COLLECTED DATA:
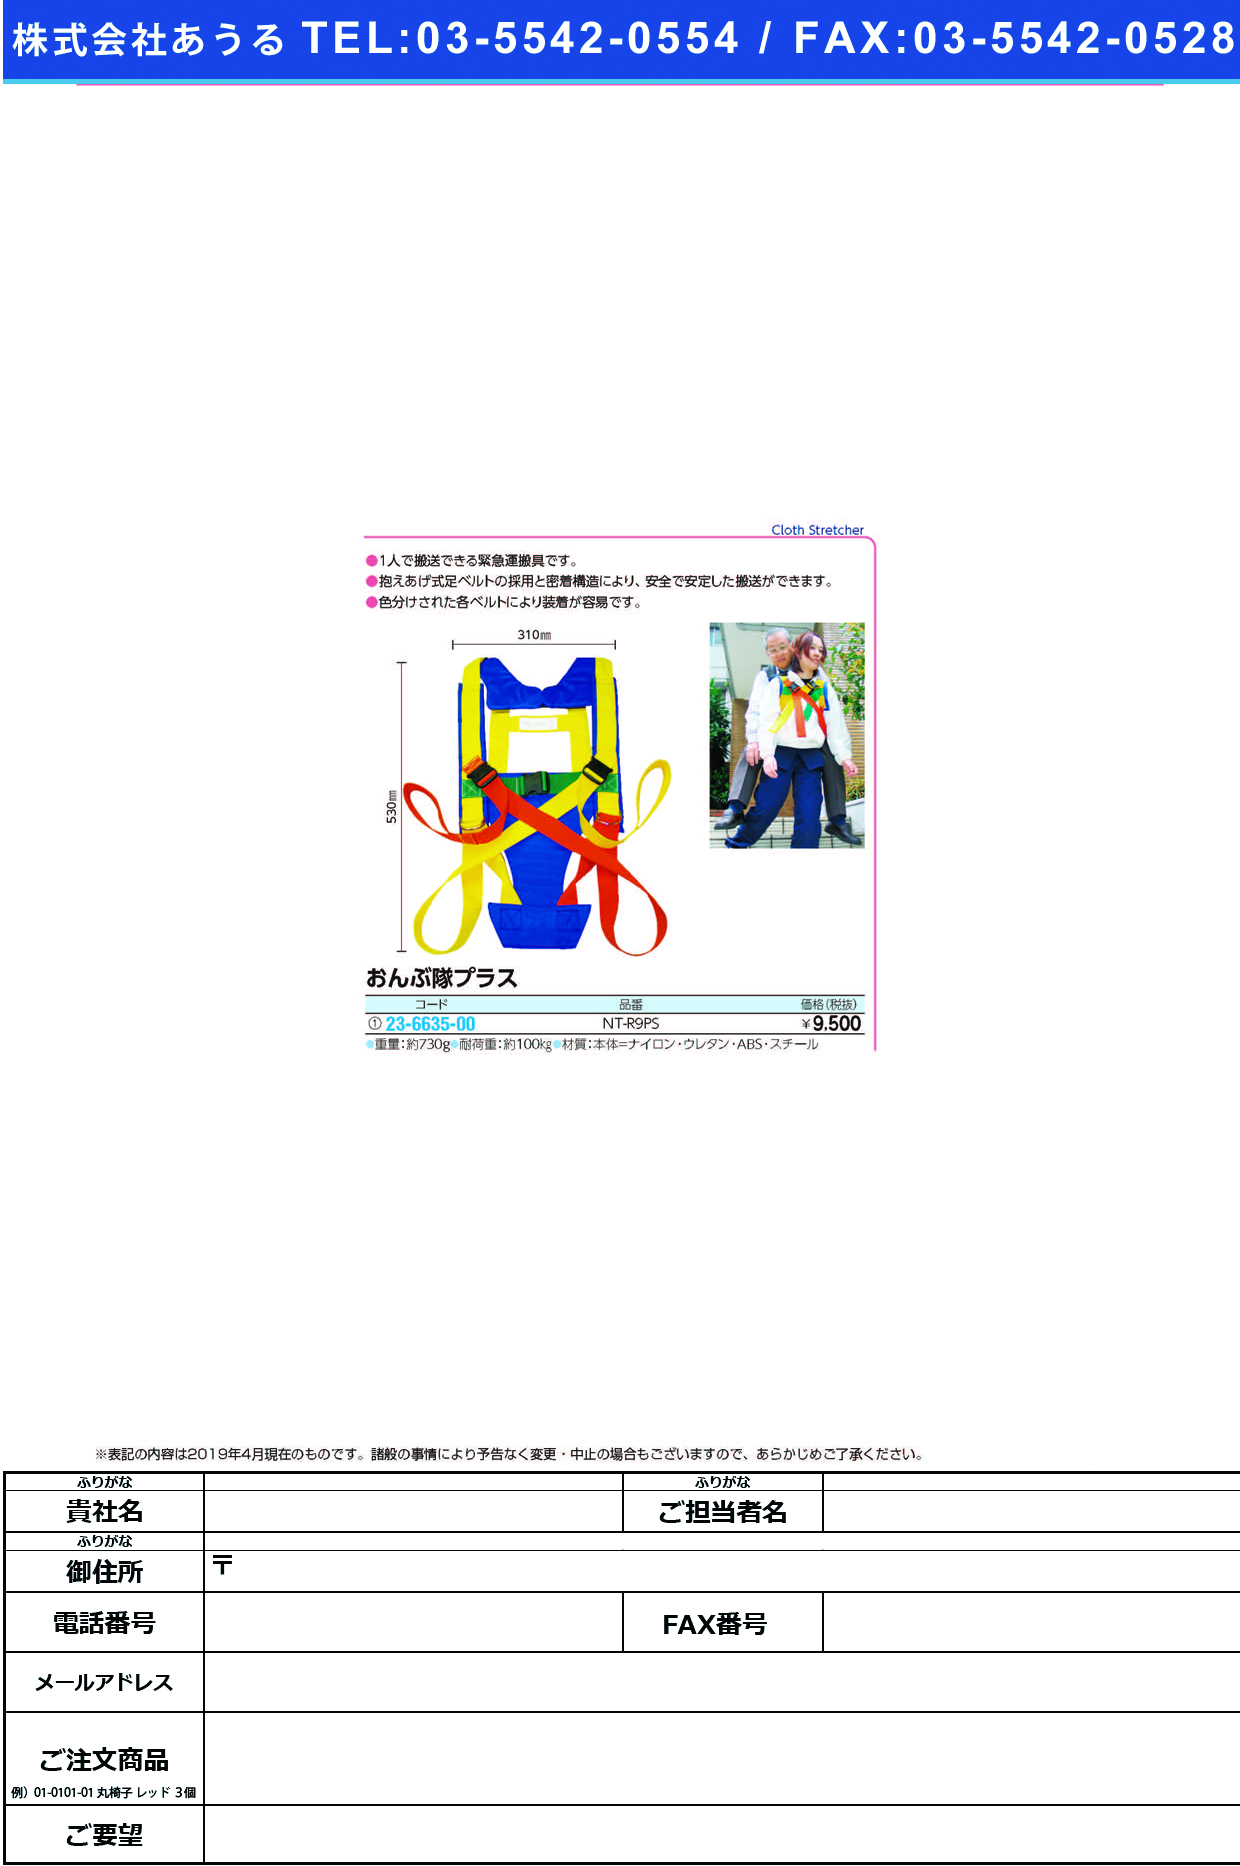 (23-6635-00)おんぶ隊プラス NT-R9PS ｵﾝﾌﾞﾀｲﾌﾟﾗｽ【1個単位】【2019年カタログ商品】
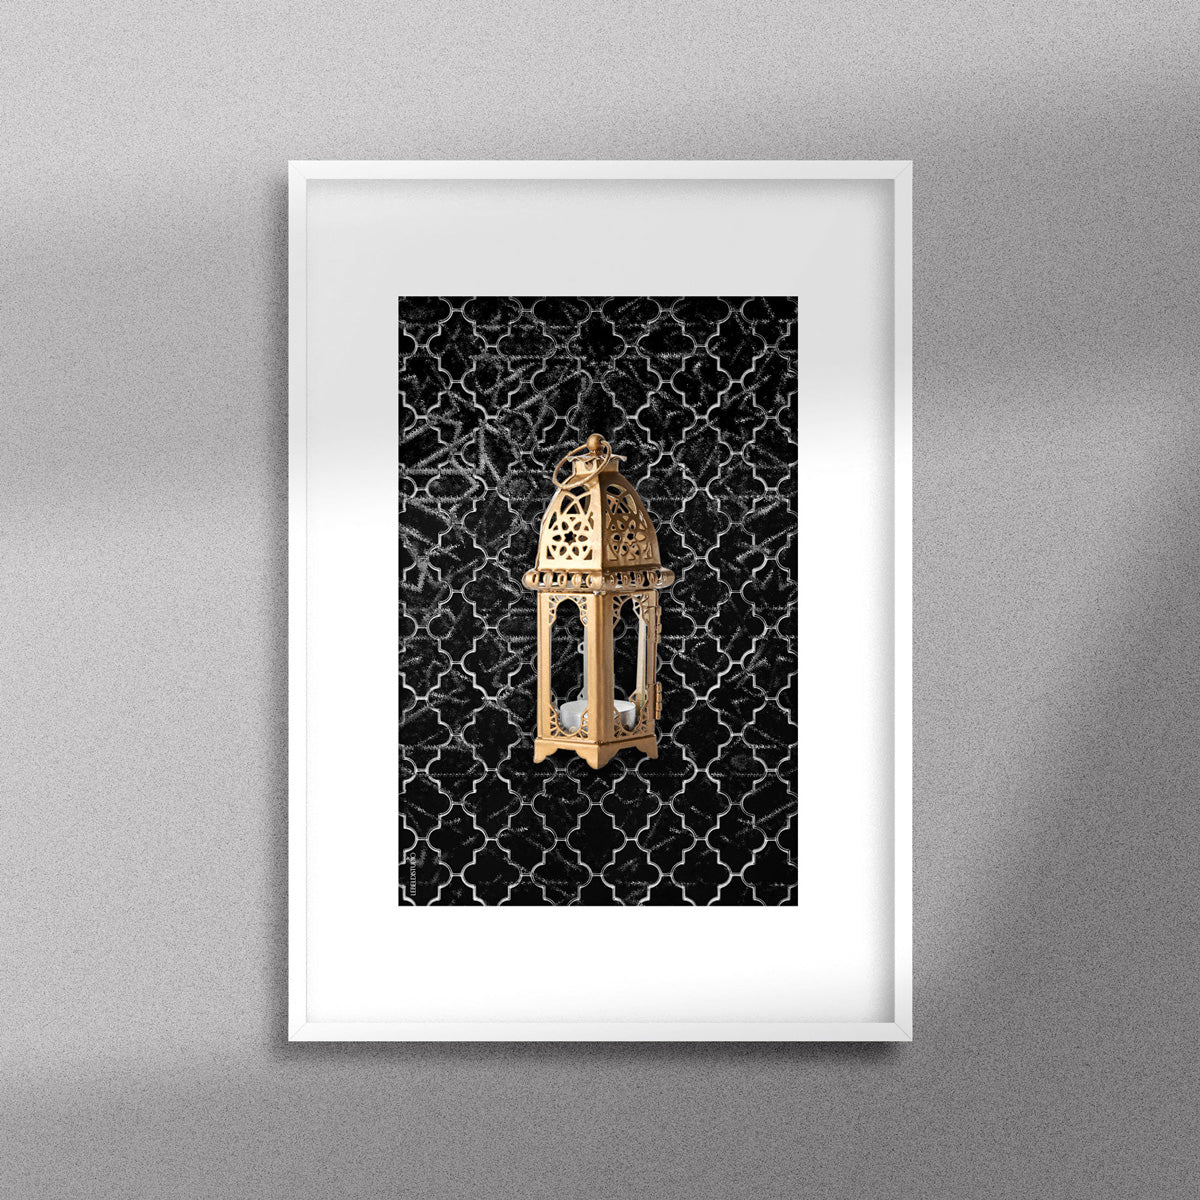 Tableau décoratif  d'une lanterne traditionnelle marocaine en dorée sur un fond de zellige marocain noir, encadré dans un cadre blanc - Format A3.
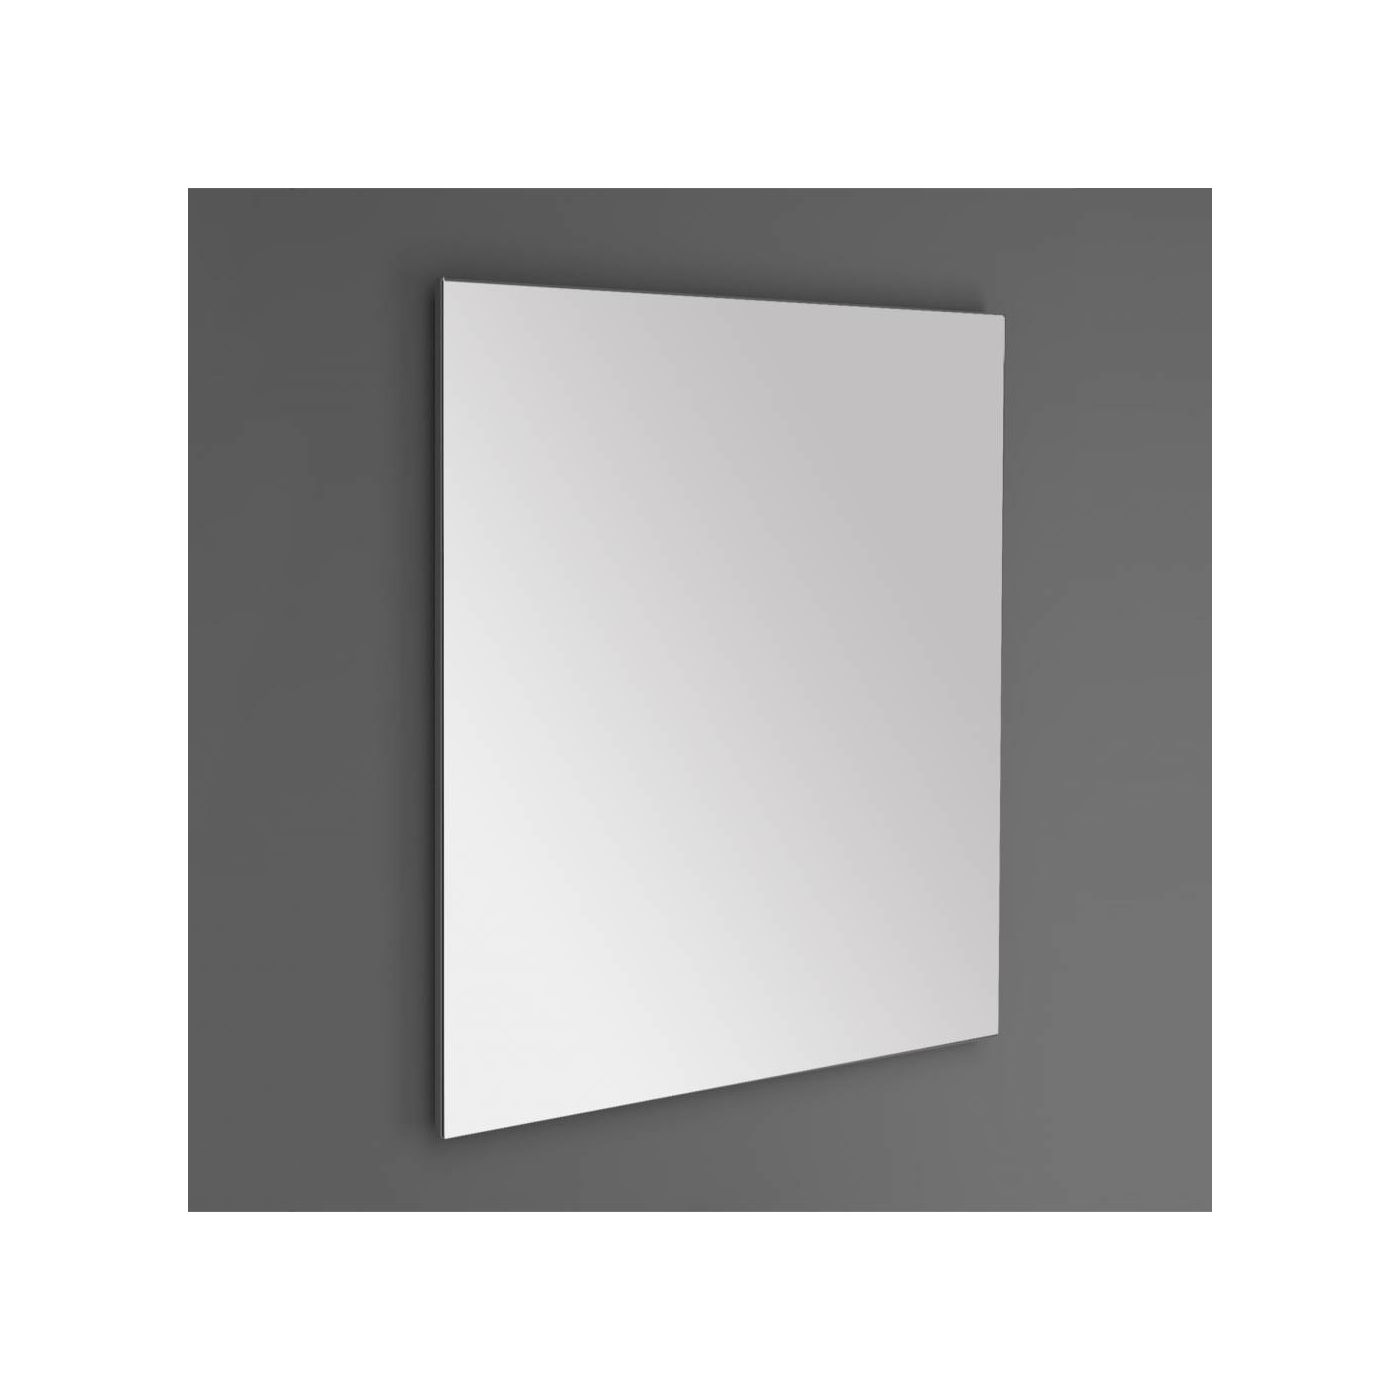 Neuer standaard spiegel met spiegelverwarming 60x80
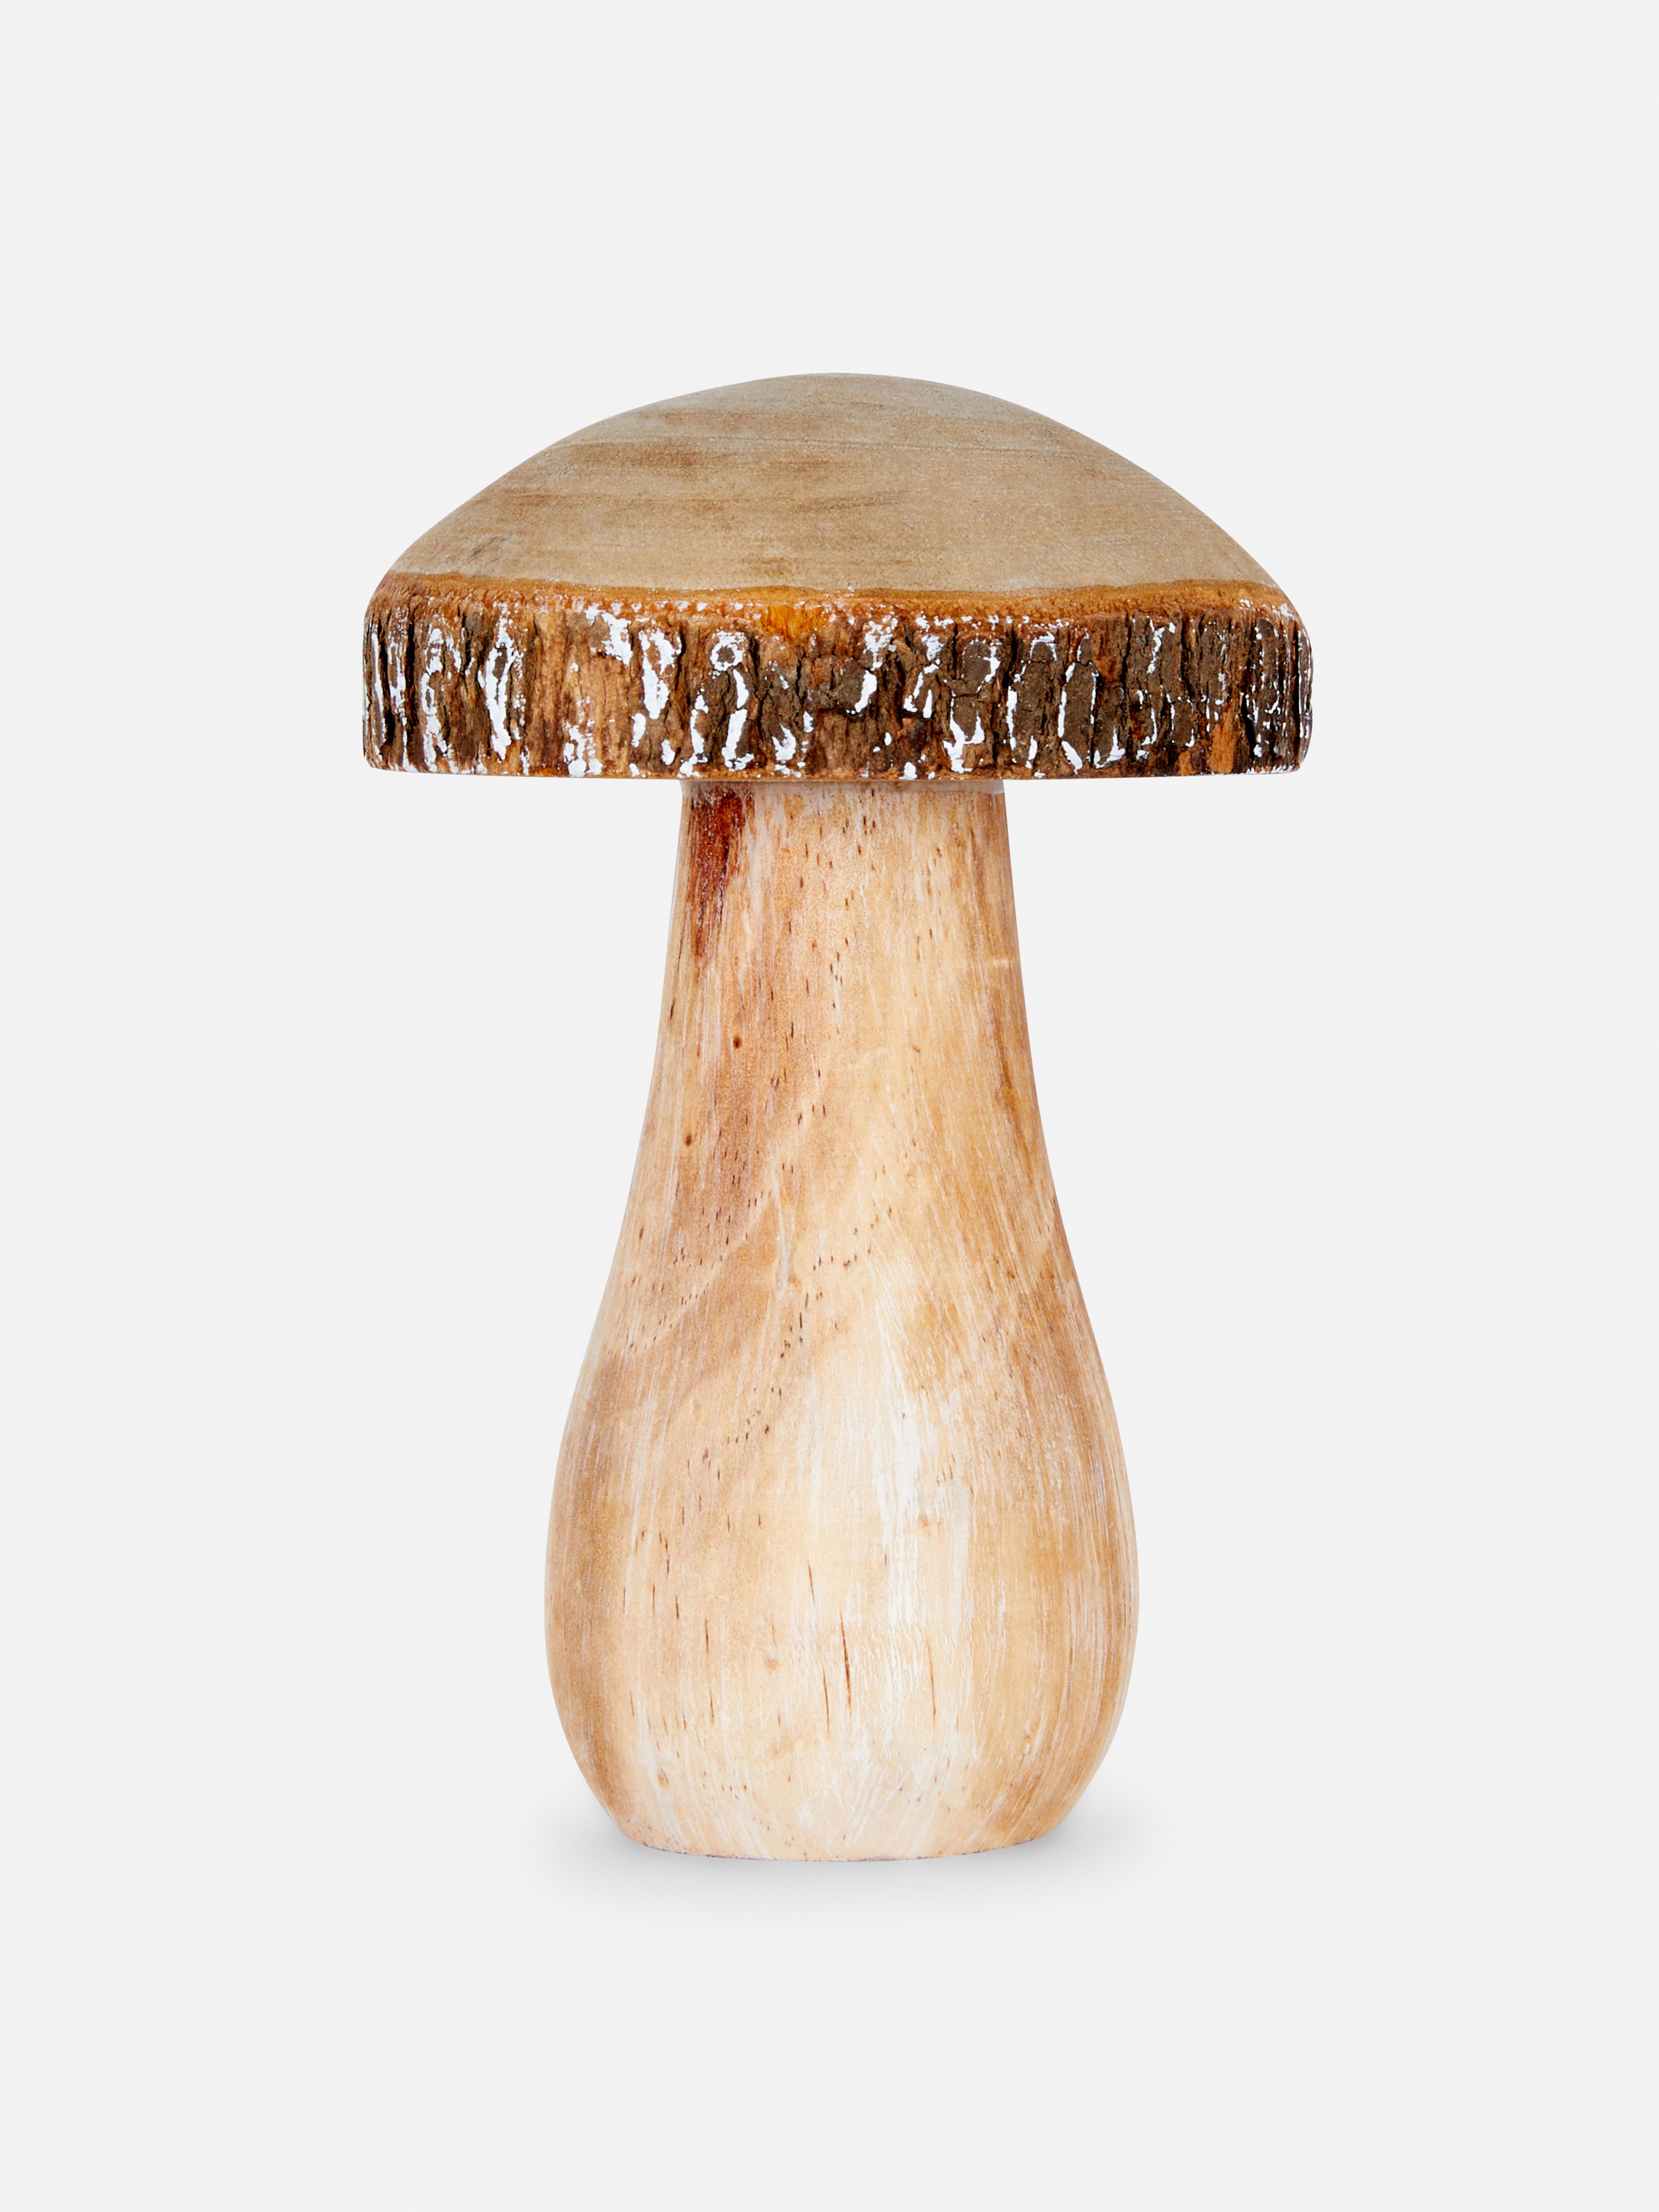 Wooden Mushroom Ornament

EXERCISE: Beginning with the line where "- Format A3." appears, reproduce every remaining line of the listing above, the last one included, but none of the pictures.

RESPONSE FOR THIS EXERCISE:
 Tableau décoratif  d'une lanterne traditionnelle marocaine en dorée sur un fond de zellige marocain noir, encadré dans un cadre blanc - Format A3.
 Neuer standaard spiegel met spiegelverwarming 60x80
 Wooden Mushroom Ornament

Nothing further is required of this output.